Dataset content:

---*---

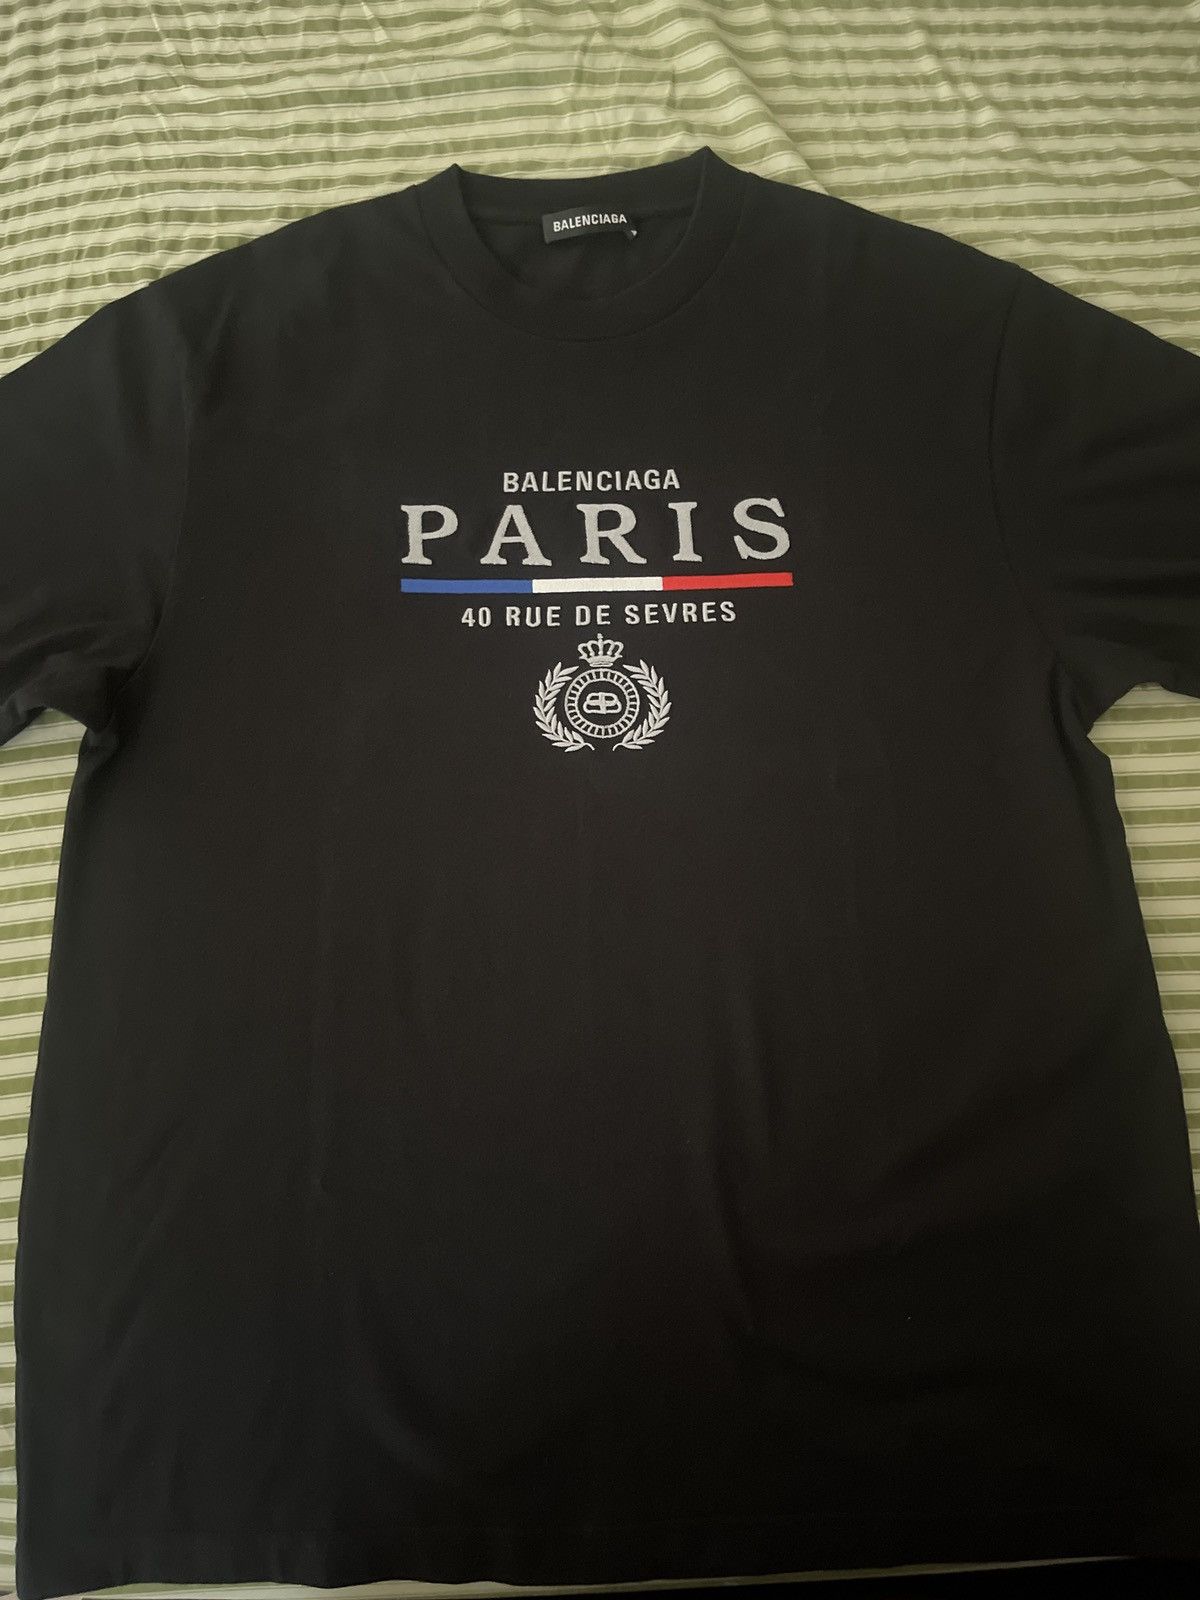 Balenciaga Balenciaga Paris T-shirt | Grailed
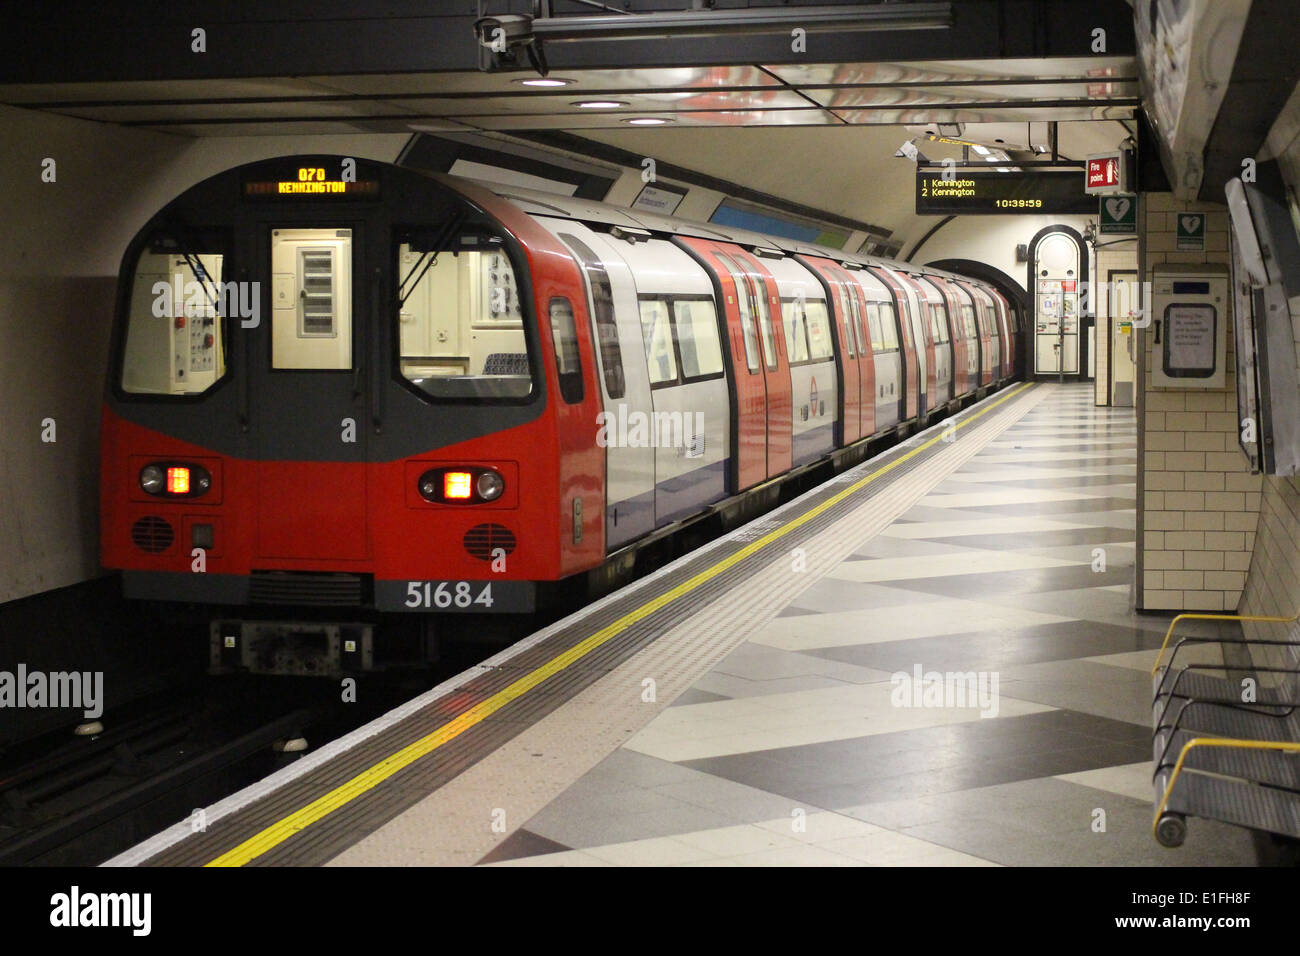 London Underground train at Waterloo station to Kennington Stock Photo
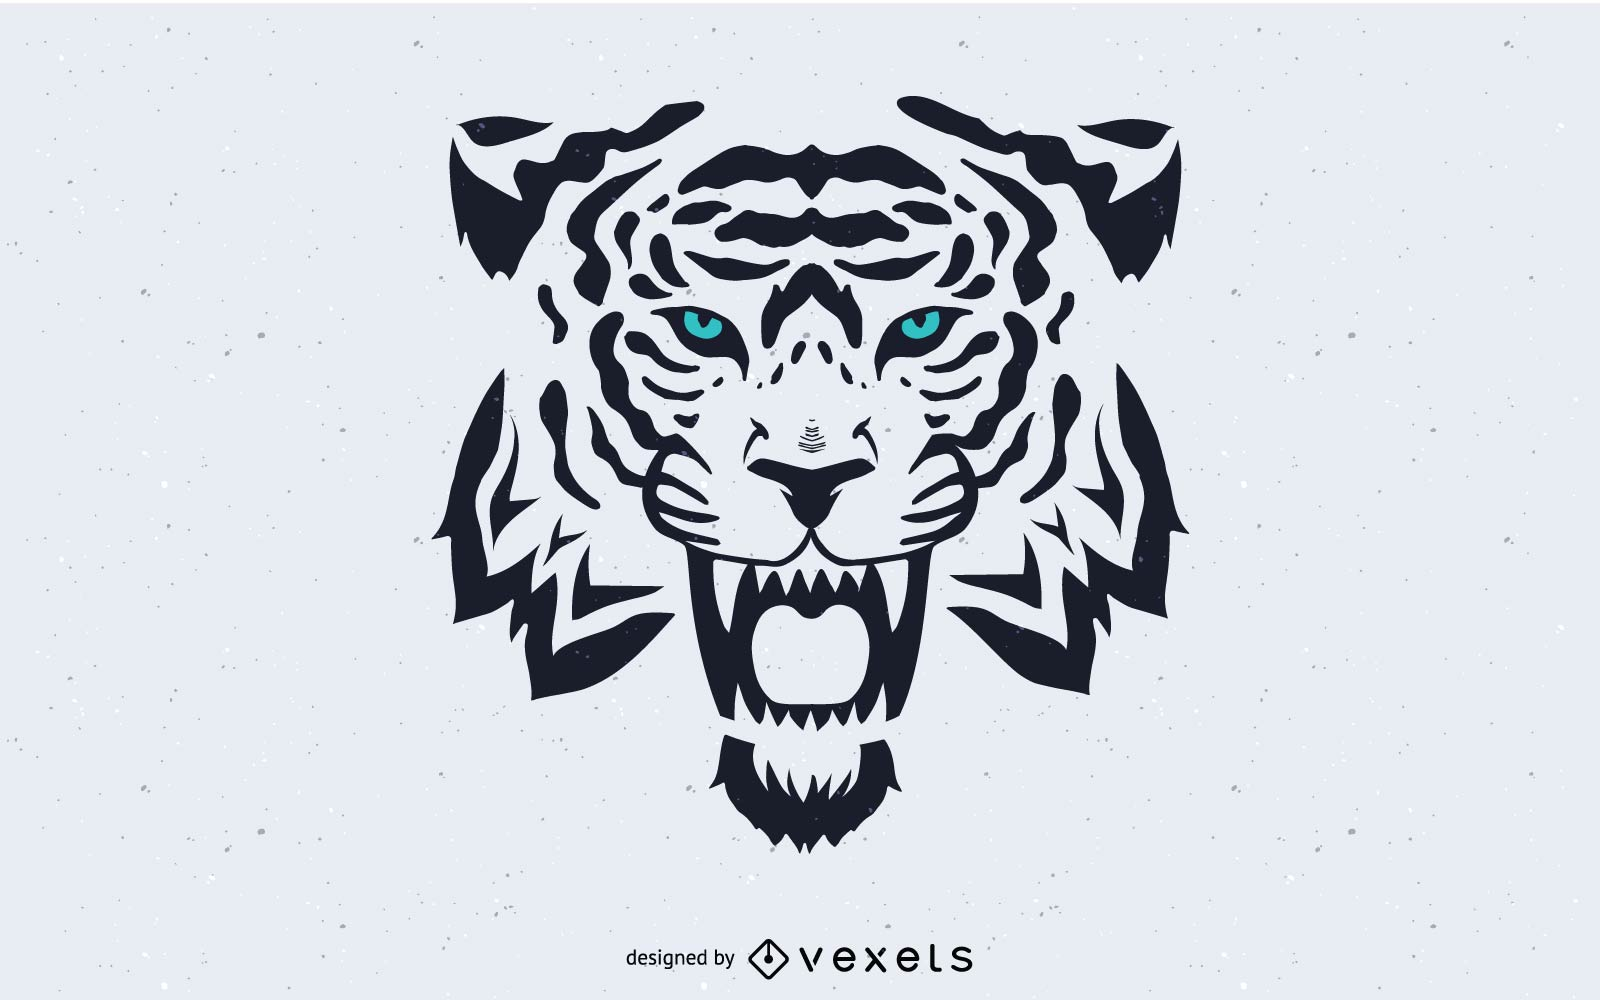 Tiger Head Image Vector - Vector download

---*---

Instructions to follow: Output all data exactly, omitting images.

Output of the exercise:
 Balenciaga Balenciaga Paris T-shirt | Grailed
 London Underground train at Waterloo station to Kennington Stock Photo
 Tiger Head Image Vector - Vector download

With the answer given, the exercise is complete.